Step 4: Build Flask Web Application
Now that we have a trained model and vectorizer saved (fakenews_model.pkl and tfidf_vectorizer.pkl), we can build a simple web app using Flask, allowing users to paste news text and receive an instant prediction.
1. Create the Flask app.
nano app.py
Add the following code:
from flask import Flask, render_template, request
import joblib
app = Flask(__name__)
model = joblib.load('fakenews_model.pkl')
vectorizer = joblib.load('tfidf_vectorizer.pkl')
@app.route('/', methods=['GET', 'POST'])
def index():
prediction = None
if request.method == 'POST':
user_text = request.form['news']
user_text_clean = user_text.lower()
user_features = vectorizer.transform([user_text_clean])
pred = model.predict(user_features)[0]
prediction = 'Real News' if pred == 1 else 'Fake News'
return render_template('index.html', prediction=prediction)
if __name__ == '__main__':
app.run(host='0.0.0.0', port=5000, debug=True)
This script:
- Initializes the Flask app.
- Loads the saved model and vectorizer.
- Handles both GET (show empty form) and POST (process user input) requests.
- Displays the prediction back to the user.
2. Create a directory for templates.
mkdir templates
3. Create the file index.html for the web interface.
nano templates/index.html
Add the following HTML code:
<!DOCTYPE html>
<html>
<head>
<title>Fake News Detector</title>
</head>
<body>
<h2>Fake News Detection Web App</h2>
<form method="POST">
<textarea name="news" rows="6" cols="60" placeholder="Paste news article or headline here"></textarea><br>
<button type="submit">Detect</button>
</form>
{% if prediction %}
<h3>Prediction: {{ prediction }}</h3>
{% endif %}
</body>
</html>
Step 5: Run Flask Application
Now that both the backend (app.py) and frontend (index.html) are ready, let’s run the Flask app so it can serve predictions from your trained model.
1. Start the Flask server.
python3 app.py
Output.
* Serving Flask app 'app'
* Debug mode: on
WARNING: This is a development server.

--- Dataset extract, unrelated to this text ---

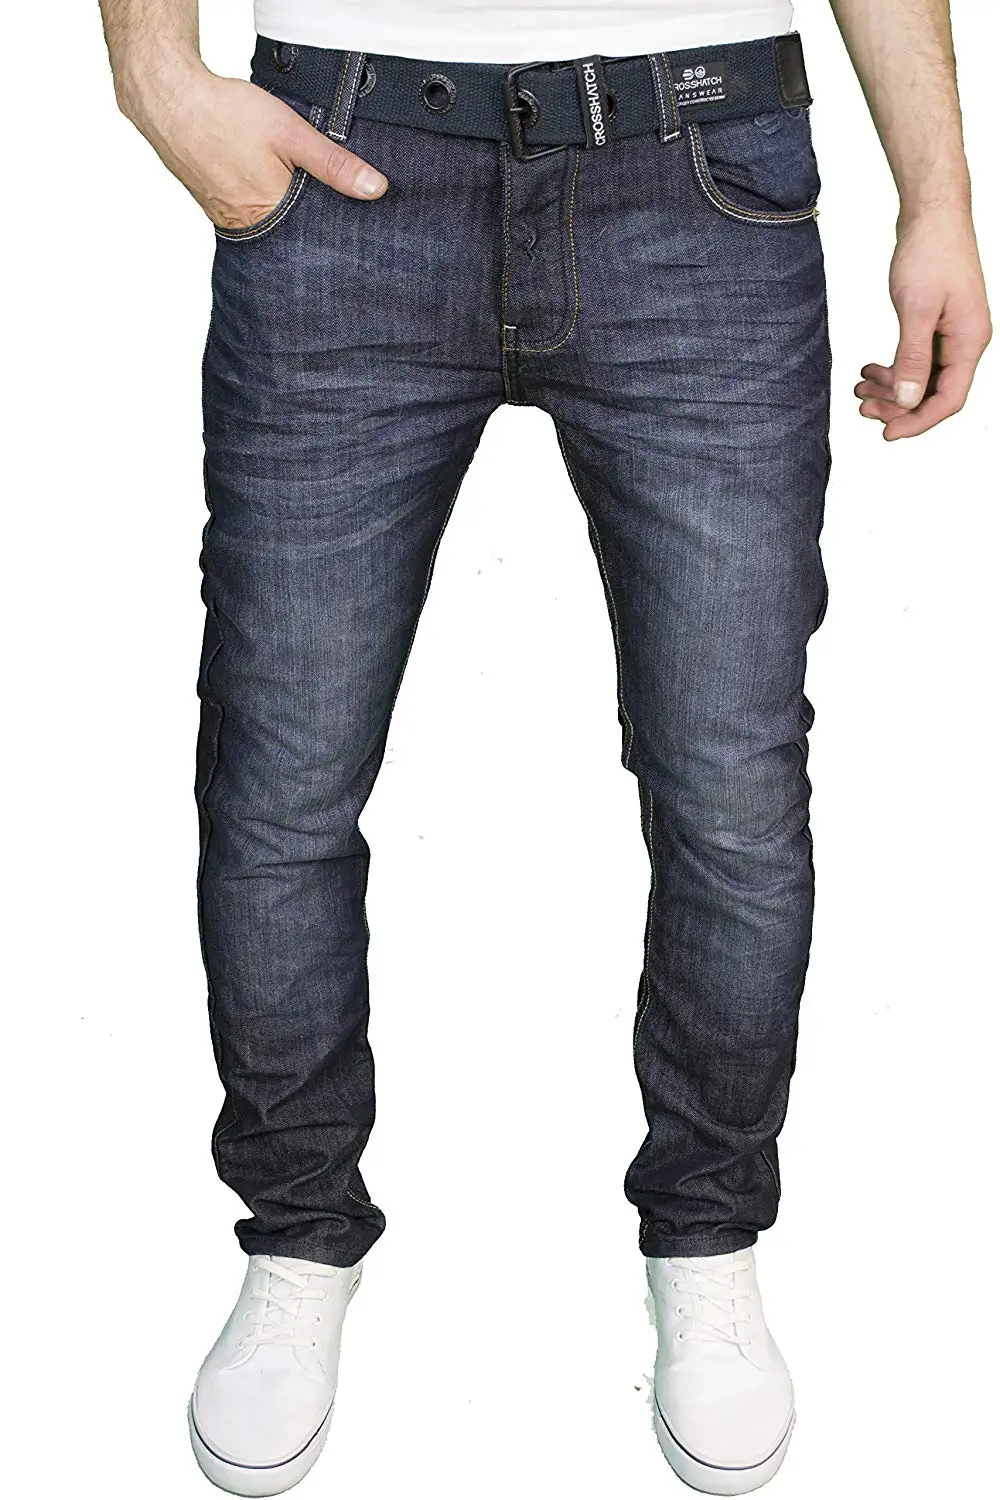 Cheap Crosshatch 55 Jeans, find Crosshatch 55 Jeans deals on line at ...

Do not use it in a production deployment. Use a production WSGI server instead.
* Running on all addresses (0.0.0.0)
* Running on http://127.0.0.1:5000
* Running on http://149.28.70.3:5000
Press CTRL+C to quit
* Restarting with stat
* Debugger is active!
* Debugger PIN: 212-816-210
2. Open your web browser and access the Flask app using the URL http://your-server-ip:5000. You should see a simple page titled ‘Fake News Detection Web App‘ with a text area and a ‘Detect’ button.
3. Copy a news article headline or snippet from any online news source. Paste it into the textarea and click the Detect button. The app will process your input, run it through the trained model, and return one of the following results.
Conclusion
In this guide, you built a fake news detection system using machine learning on an Ubuntu 24.04 GPU server. You trained a model, deployed it with Flask, and created a simple web interface for real-time predictions. This project provides a practical foundation for exploring text classification and machine learning deployment. You can now enhance the app further or share it with others for testing and feedback.